Improving the precision of behaviour change theories: Development and validation of a dynamic COMPutational model of LAPSE risk in smokers attempting to stop (COMPLAPSE)
COMPLAPSE is funded by the European Commission under the Horizon Europe Framework Programme (HORIZON), Grant No. 101065293 (PI: Dr. Olga Perski; Mentors: Prof. Nelli Hankonen and Prof. Eric Hekler). This website will be used for the dissemination of the projcet findings, including linkes to scientific publications, talks and blogs.
Aims and objectives
Cigarette smoking remains the leading preventable cause of premature morbidity and mortality in Europe and beyond. Gold standard treatment for smoking cessation includes pharmacotherapy and behavioural support. However, smoking lapses – influenced by momentary fluctuations in cigarette availability, stress, and cravings – are a key source of treatment failure. COMPLAPSE aims to advance the state-of-the-art by developing and validating a formal, dynamical systems model of lapse risk, improving the precision of static behaviour change theories to account for observed complexities and laying the foundation for dynamically tailored, person-centred digital smoking cessation interventions for increased effectiveness. COMPLAPSE is interdisciplinary in scope – drawing on know-how from behavioural science, systems science and dynamical systems modelling – and directly contributes to Europe’s Path to the Digital Decade and its Strategic Framework for the Prevention of Non-Communicable Diseases. COMPLAPSE aims to address the following Research and Innovation Objectives (ROIs), with each ROI associated with a dedicated Work Package (WP):
ROI1. To develop a conceptual model of lapse risk, drawing on stakeholder input and the researcher’s knowledge of the available literature via participatory systems mapping (WP1).
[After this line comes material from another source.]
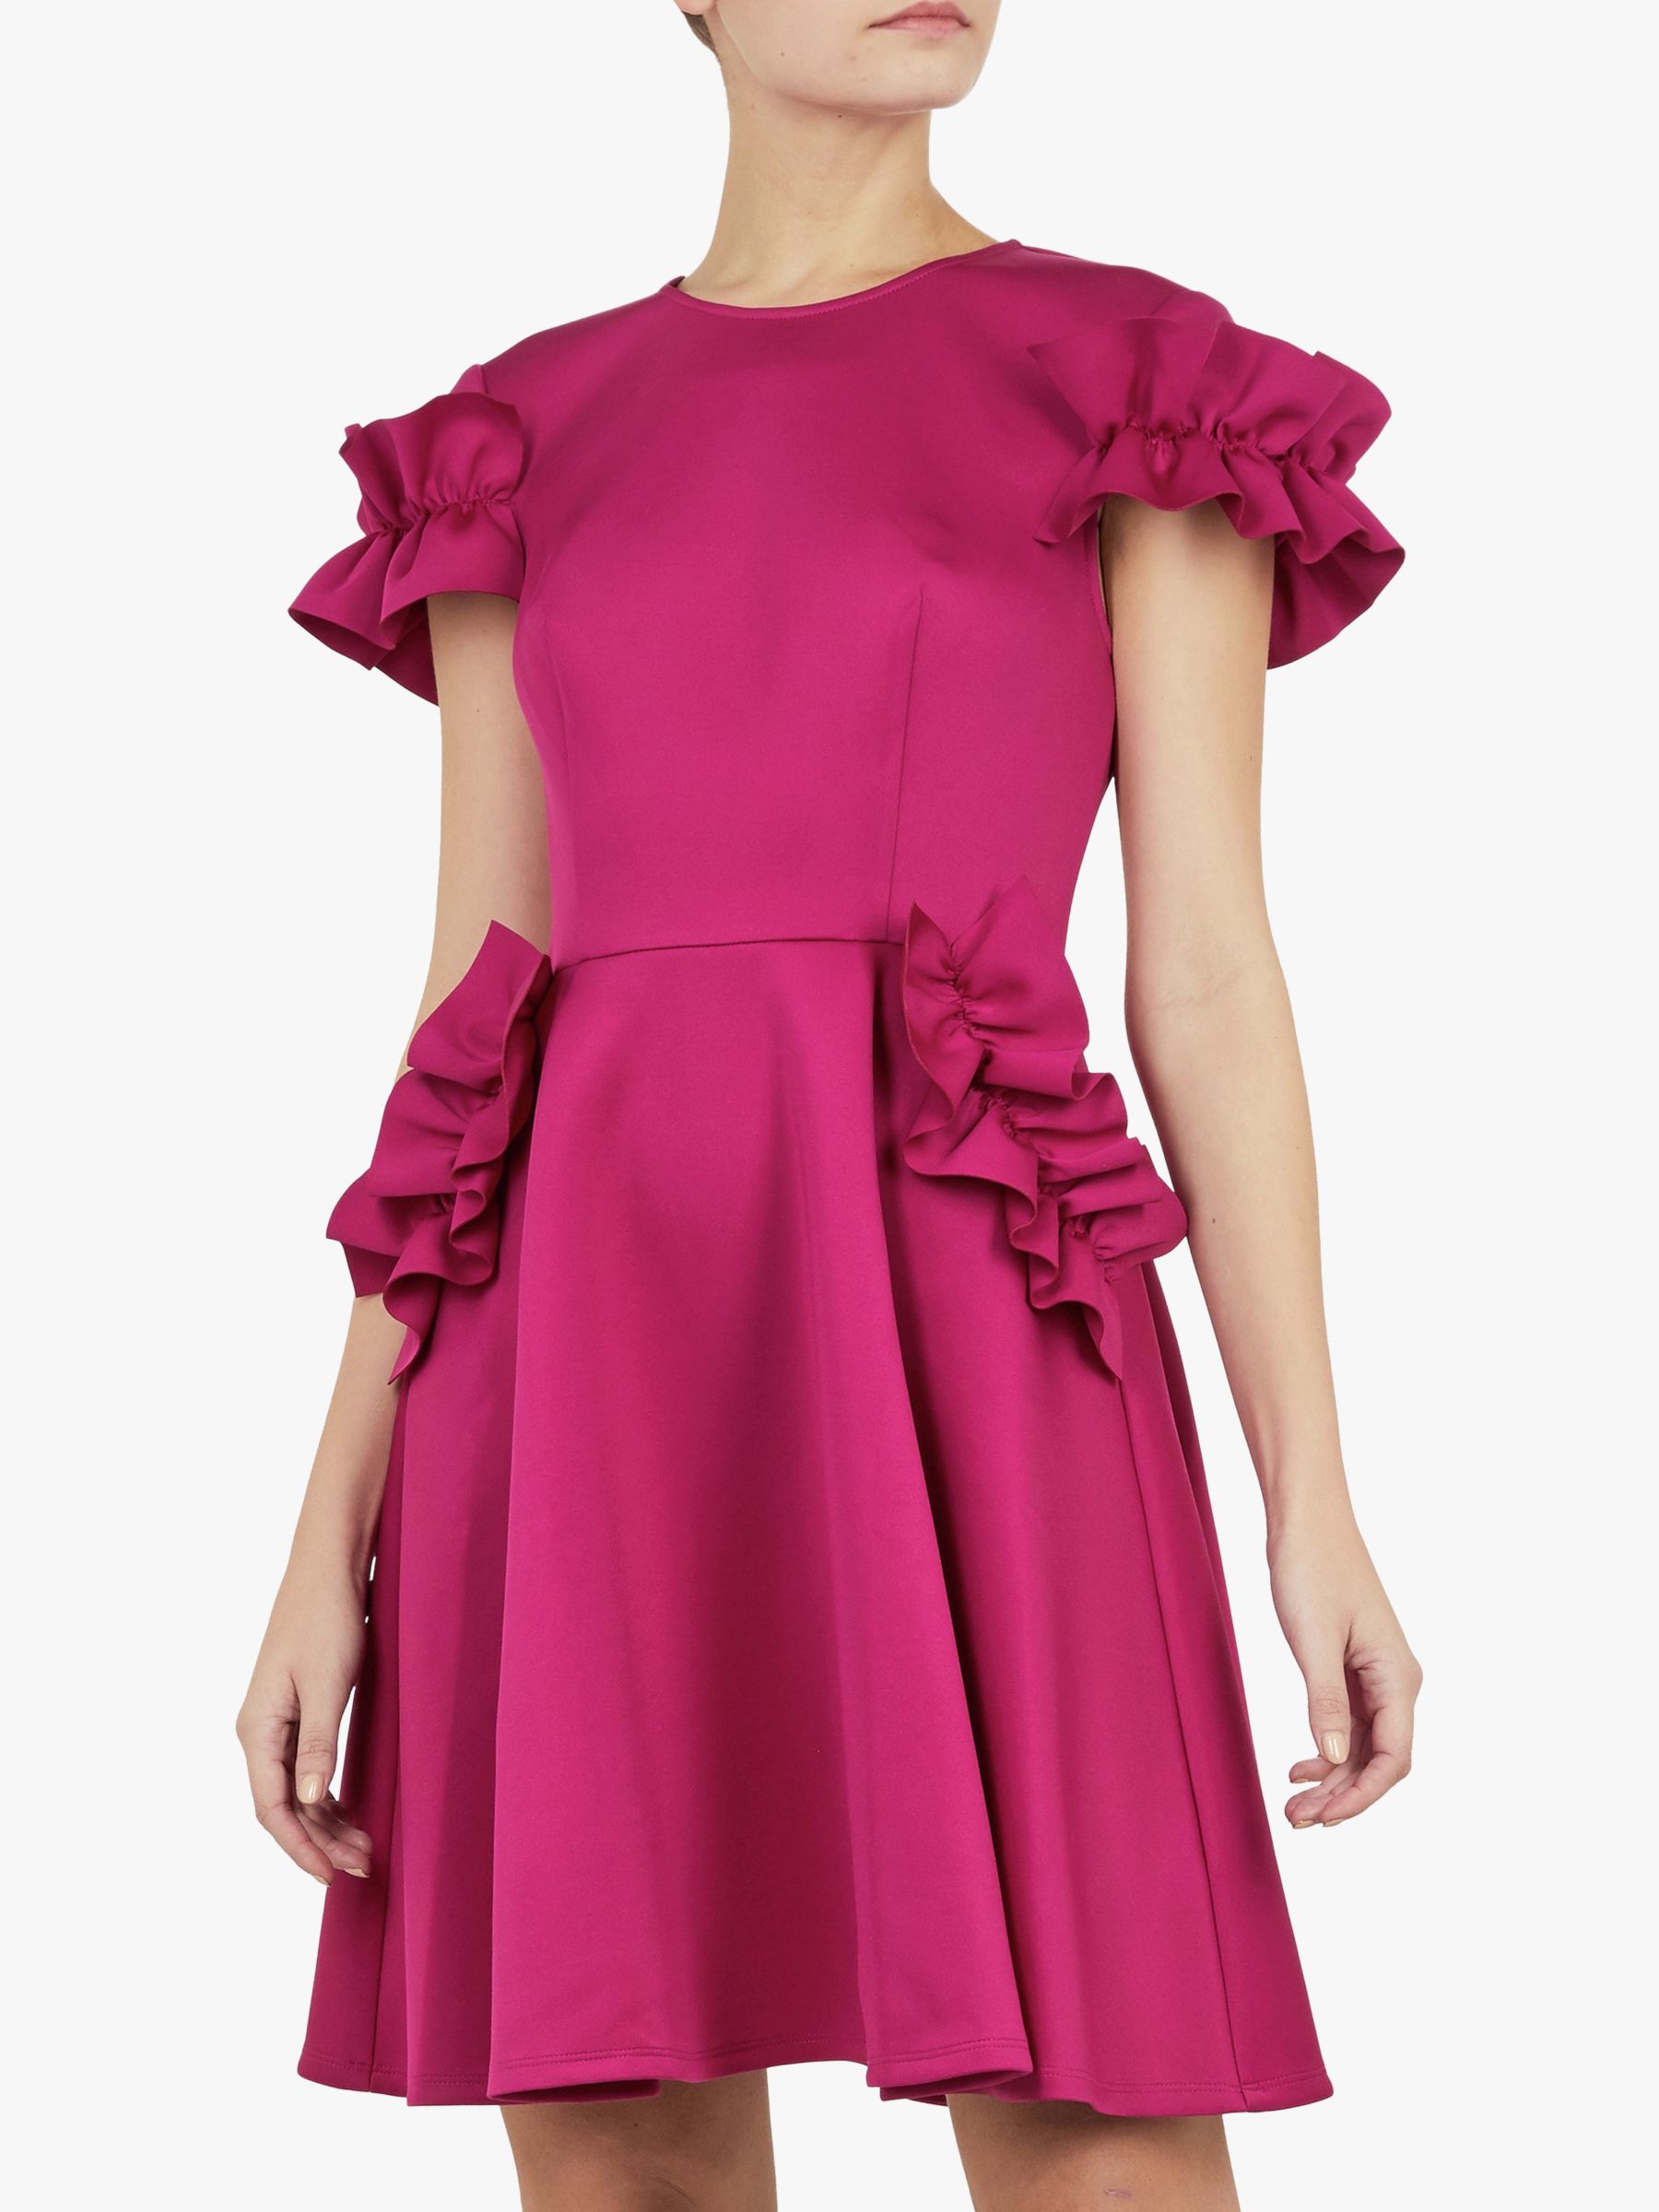 ted baker clothing online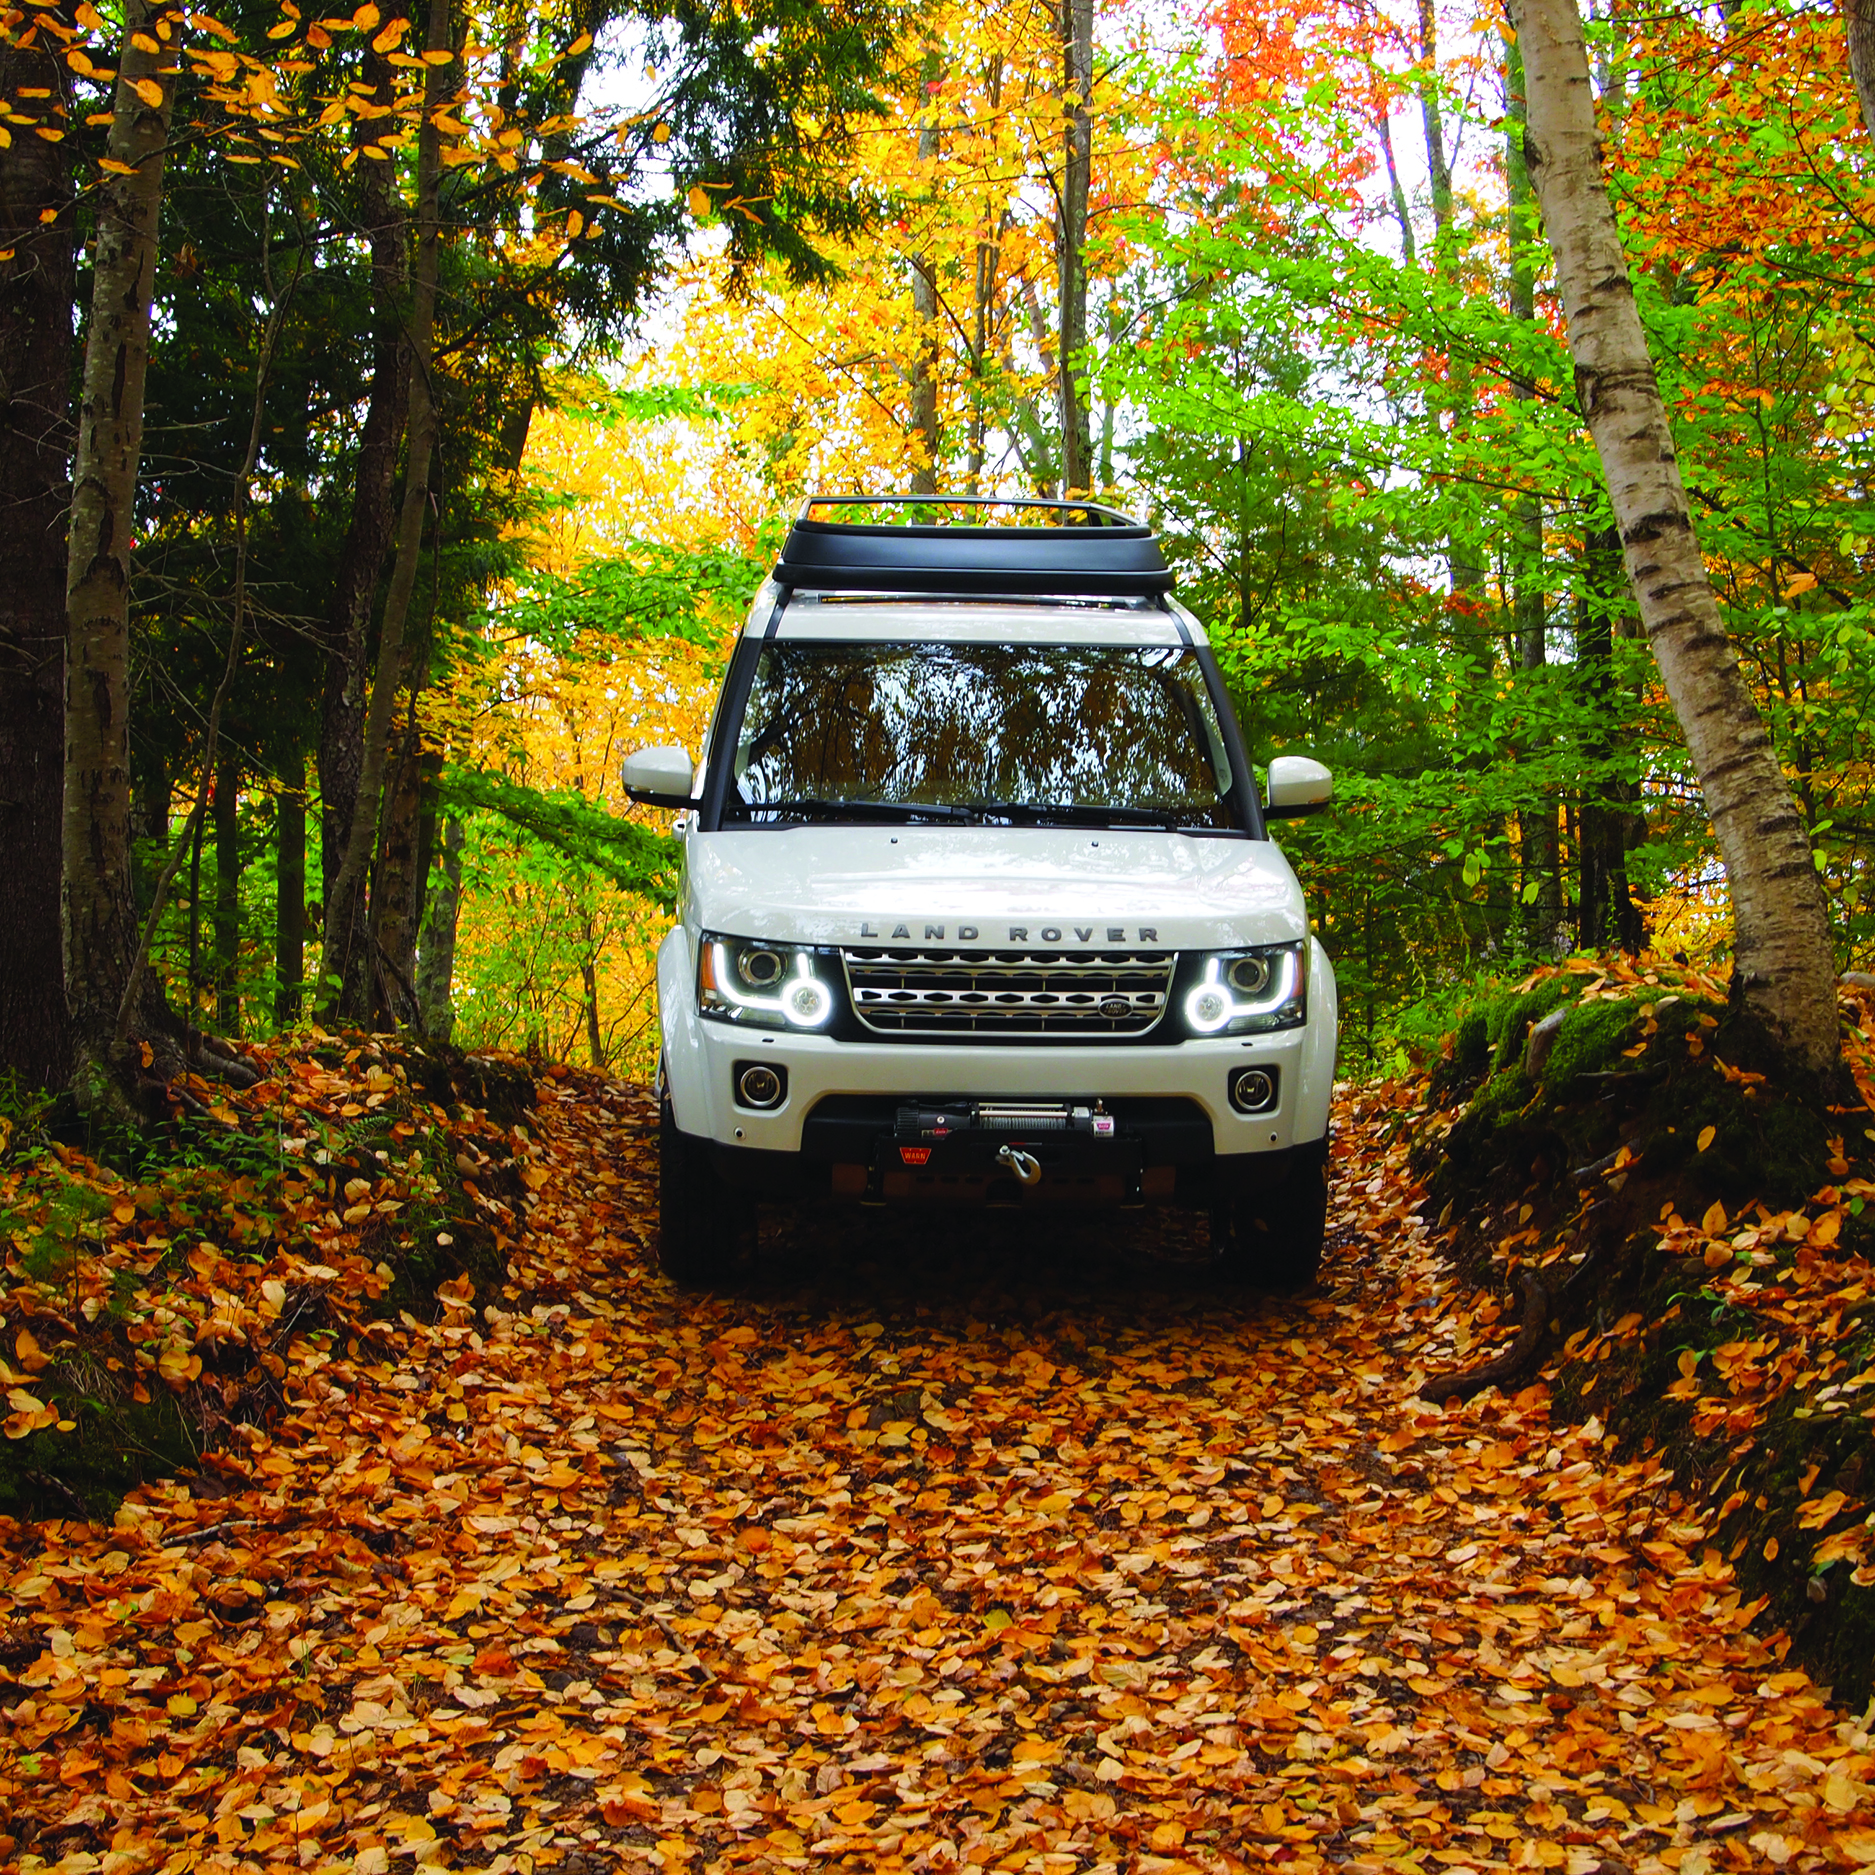 Land Rover driving through woods

ROI2. To formulate mathematical equations for each component in the conceptual model and perform a series of computer simulations (WP2).
ROI3. To collect and analyse EMA and sensor data and use this to validate the expert-derived dynamic computational model (WP3).
ROI4. To propose a set of ‘best practice’ recommendations for how to use formal and computational modelling in health psychology research (WP4).
WP1
Theories are needed to predict, explain, and influence phenomena of interest. Popular relapse prevention theories are vaguely specified using natural language descriptions and lack temporal information about how key phenomena (i.e., ‘relapse’, ‘prolapse’, ‘abstinence’) are dynamically caused over time and within individuals. Formal modelling involves the translation of a theory’s structure into a mathematical framework and can help mitigate psychology’s ‘theory crisis’, which contributes to the wider reproducibility crisis.
The aim of WP1 was to develop a conceptual model of lapse risk in smokers attempting to stop. However, due to the lack of fit-for-purpose methodological guidance, we first conducted a scoping review to examine the extent and nature of research activities pertaining to the use of formal and computational modelling to predict, explain and influence health behaviours unfolding at the within-person level. We synthesised methodological steps in the published literature and generated a set of initial, expert-derived ‘best practice’ modelling recommendations, which informed the next steps of our research.
After conducting the scoping review, we drew on the Theory Construction Methodology to develop a dynamic model of smoking lapse and relapse. We used a participatory, iterative, multi-method approach to iteratively develop the conceptual model (also referred to as a ‘prototheory’), which included: i) an informal theory review of popular lapse and relapse theories; and ii) two linked stakeholder interviews with researchers, people with lived experience, stop smoking practitioners, and policymakers (N = 15).
WP2
Next, we translated the prototheory into a series of difference equations which were implemented in R code and an R Shiny application, which enables interested users to explore the dynamic model on their own. We conducted a series of computer simulations to examine if the formal and computational model could produce the empirical phenomena which it set out to explain (i.e., ‘relapse’, ‘prolapse’, ‘abstinence’). The stakeholders were invited back to provide feedback on the simulated model outputs. Their feedback was incorporated into an updated model version. A paper describing the development and initial evaluation of the formal and computational model of lapse risk has been submitted for publication and is available as a pre-print.
WP3
During the final stage of project COMPLAPSE, we will collect EMA and sensor data to validate the dynamic model of lapse and relapse. Eligibility criteria will include being an adult, daily smoker who i) owns a smartphone, ii) is willing to make a quit attempt, and iii) is willing to respond to regular EMAs and wear a smartwatch for the duration of the study. We will fit the formal model to the data from each participant and goodness-of-fit statistics will be calculated.
WP4
In WP4, we will draw on the knowledge generated within project COMPLAPSE and other, related modelling projects to write a tutorial on how to develop formal models in health psychology research. The scoping review in WP1 used a bottom-up approach to identify modelling practices in the published literature and then used this to propose a set of initial, expert-derived modelling recommendations. In WP4, however, we aim to take a broader view by reviewing and synthesising interdisciplinary modelling guidance from several disciplines (e.g., psychology, engineering, biology, physics). We will use this to provide in-depth modelling recommendations.